Standards Set: Brees is a lock for 4,000-plus passing yards, and I think he can end around 4,400 yards with an NFL-high 33 passing scores.
Reason: Crabtree had a fairly impressive season considering he was a holdout. With that distraction out of the way, plus having gained some experience, I could see him doubling his receptions and yardage while quadrupling his TDs. Playing in a weak division is a plus.
Standards Set: 85 catches, 1150 total yards, seven TDs.
Reason: Selecting running backs in the first two rounds ensured a need for wide receiver this round and that meant targeting the best available. Still, Rice's hip injury aside, the obvious concern with any receiving component of the Minnesota offense depends on quarterback Brett Favre's presence. Taking Rice during the first week of preseason action in a real draft – like this KFFL FAD – banks on Favre's return and the upside for one of 2009's breakout receivers is high if or when that occurs. Unfortunately, Rice's value suffers a devastating blow if Tarvaris Jackson is calling the plays. Owners drafting in late August or early September will have a better picture of Favre's status.
Standards Set: With Favre, it's reasonable to expect another 80-plus catches and a 1,000-yard season from Rice. However, all bets are off if Favre decides to hang up the cleats for good.
Reason: Quarterback provided value in comparison to the other positions. I love Manning's consistency. I am usually risk averse early in the draft, and Manning fits in well. While he is unlikely to have a season similar to Tom Brady in 2008, he is usually at the top of the weekly point-getters.
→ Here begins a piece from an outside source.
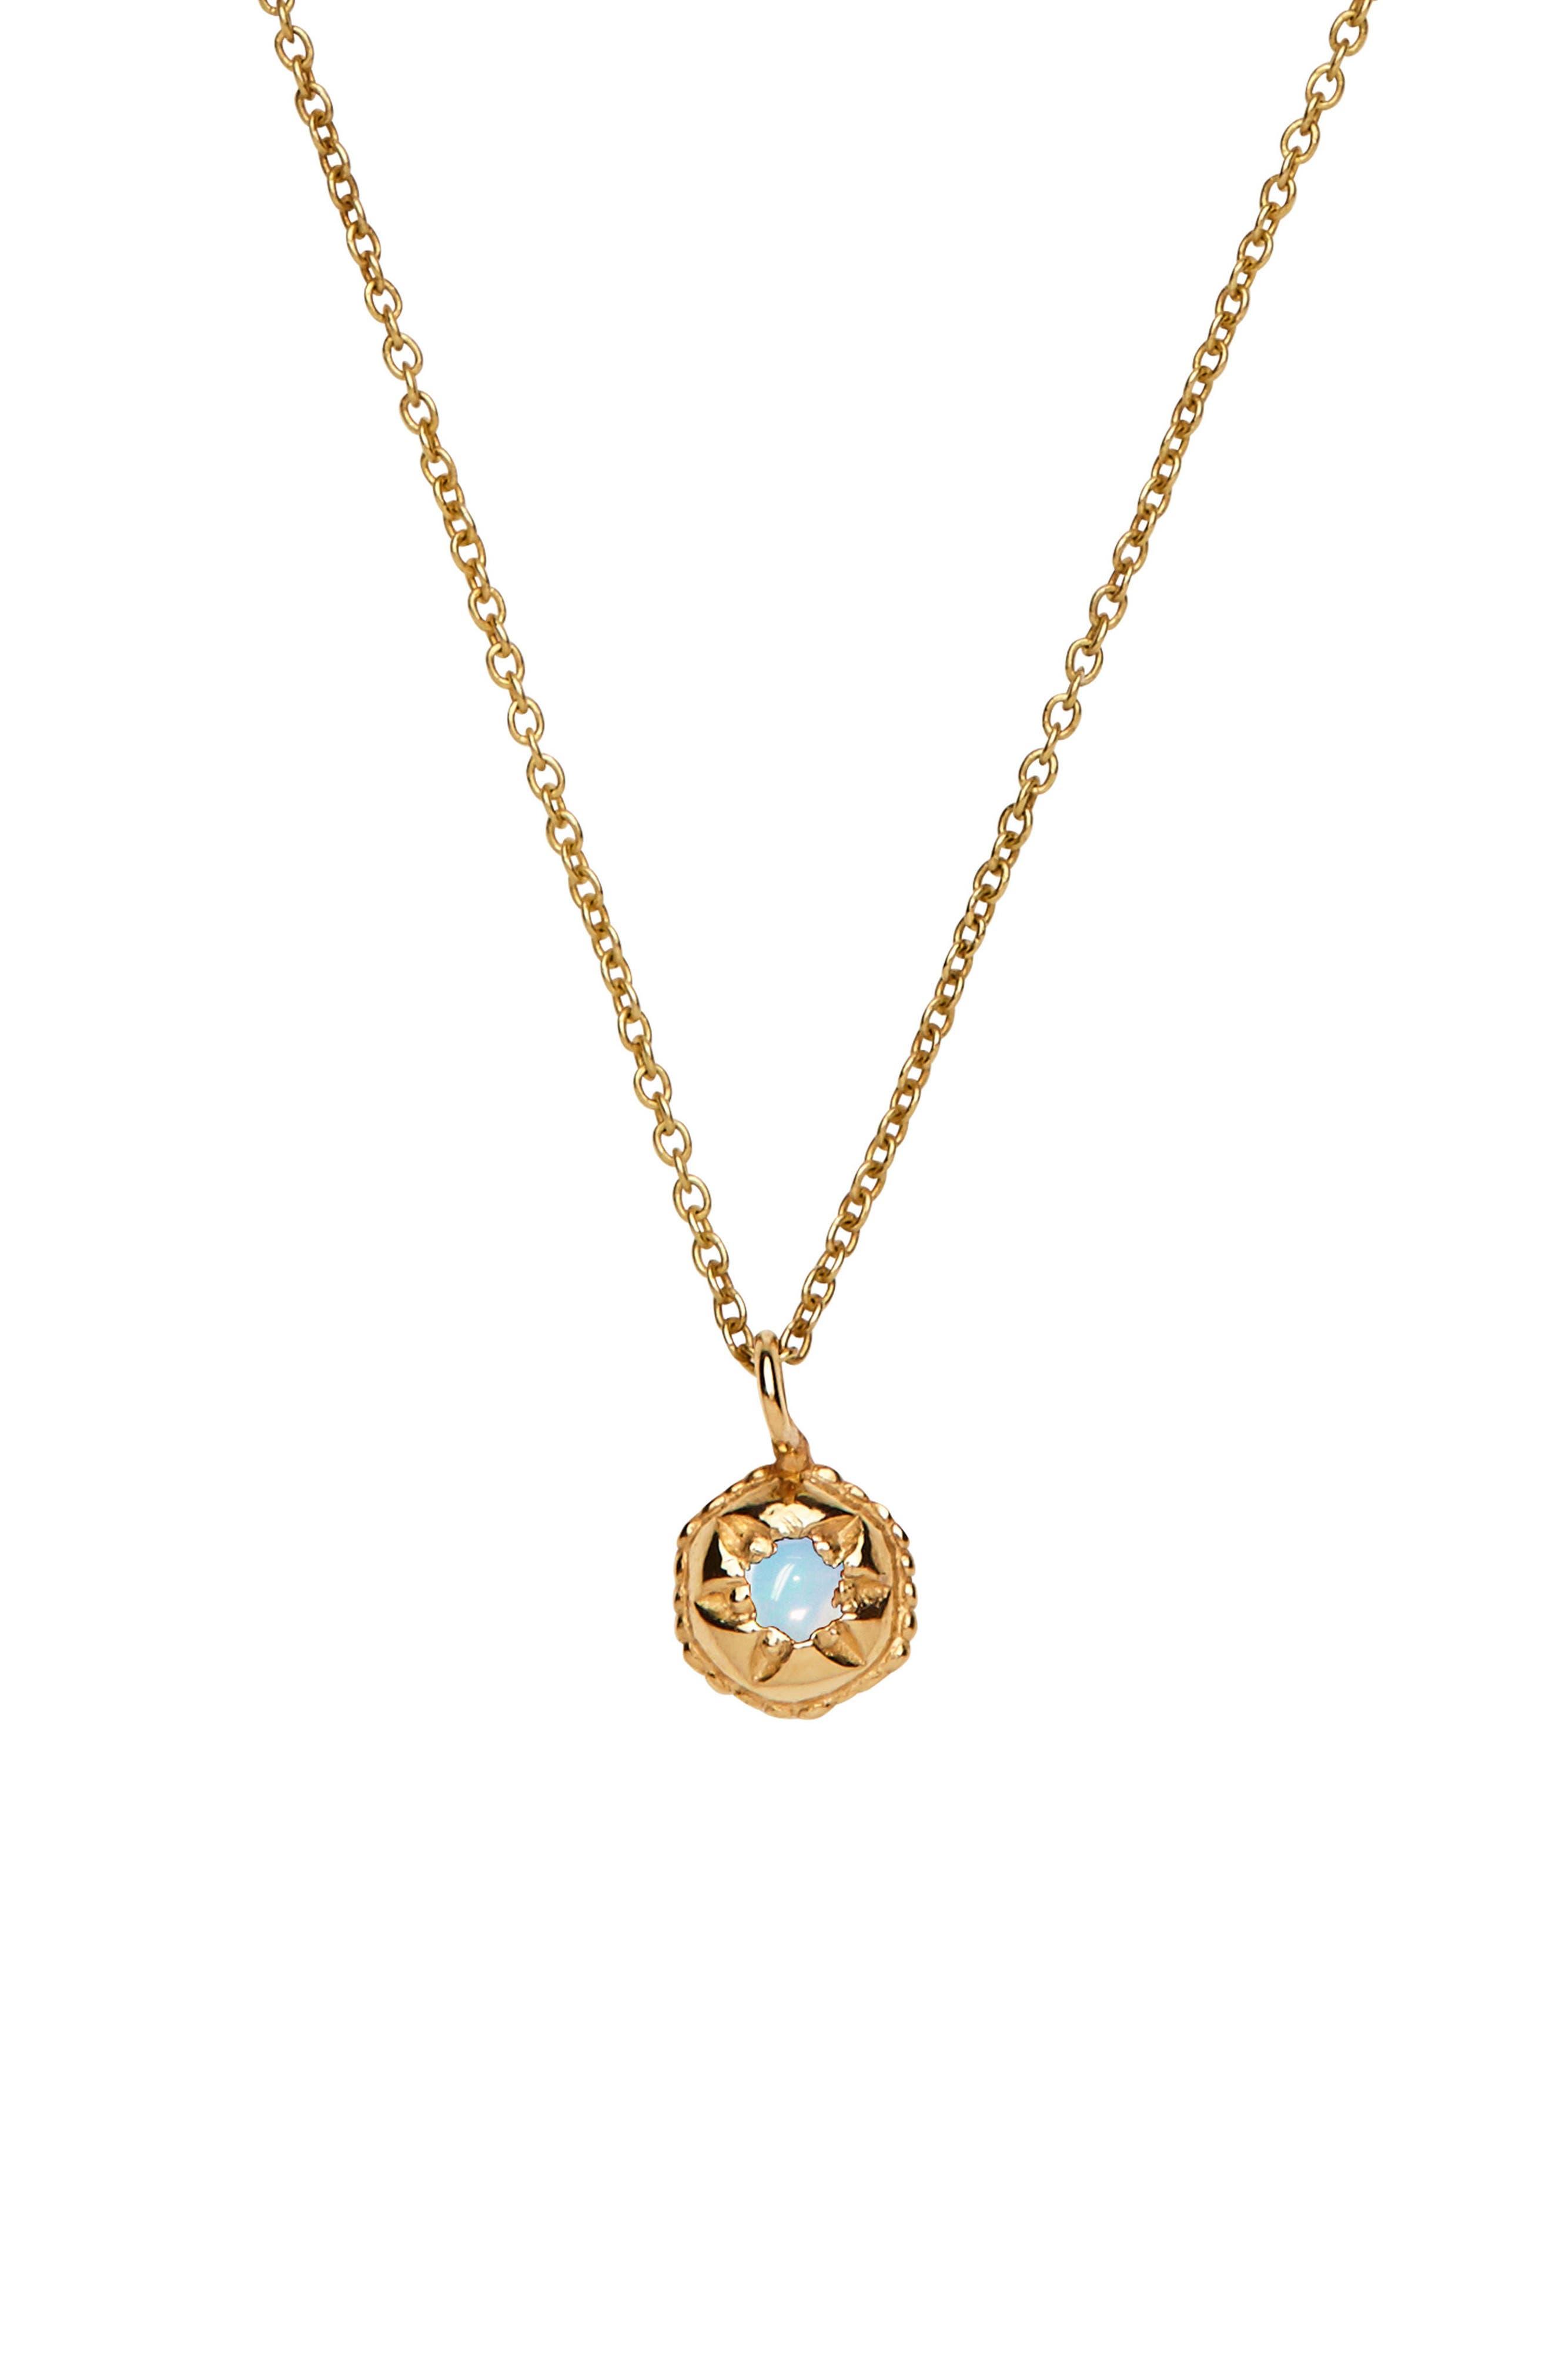 Mystic Opal Pendant Necklace,                         Main,                         color, YELLOW GOLD/ OPAL

The Colt receivers were playing great at the end of the 2009 season, and I expect that to continue.
Standards Set: I expect Manning, who has 11 top-six fantasy finishes in his 12 seasons to hit the solid, consistent numbers of the past few years: 4,000-4,500 yards and about 30 touchdowns.
Reason: I expect big things from Wells (ribs), as long as he stays healthy, which has been a problem for him. He'll share carries with Tim Hightower and isn't much of a PPR threat (12 catches last year), but Wells' 2009 second-half run showed what he is capable of. Arizona will become more of a running team with Matt Leinart at the helm, and their offensive line is built for mauling.
Standards Set: I'm hoping for 1,200 yards and 10 rushing touchdowns. I'll be pleased if he catches close to 20 passes.
Reason: Most folks are skeptical that Shady can possibly be the next Brian Westbrook ... I, however, am not one of those people. He was a great value at the end of Round 3, and I am comfortable with him as my RB1 in a PPR league. Look for Kevin Kolb to dink and dunk to Westy, oops, I mean Shady, all season long.
Standards Set: I'm expecting 75 catches, minimum, and 1,400 total yards with eight total TDs.
Reason: Hakeem Nicks was taken surprisingly 10 picks prior to Smith. I still would rather have Smith who will easily get more receptions than Nicks (after getting 60 more last season), as Nicks is more of a deep threat for Eli Manning. I could have gone with a running back, but none of them really stood out to me like this high-reception receiver.
Standards Set: 80 receptions, 1,100 receiving yards, eight touchdowns. My expectations are a little less than what he did last year in the reception department, but that's still quality for my second or third wide receiver.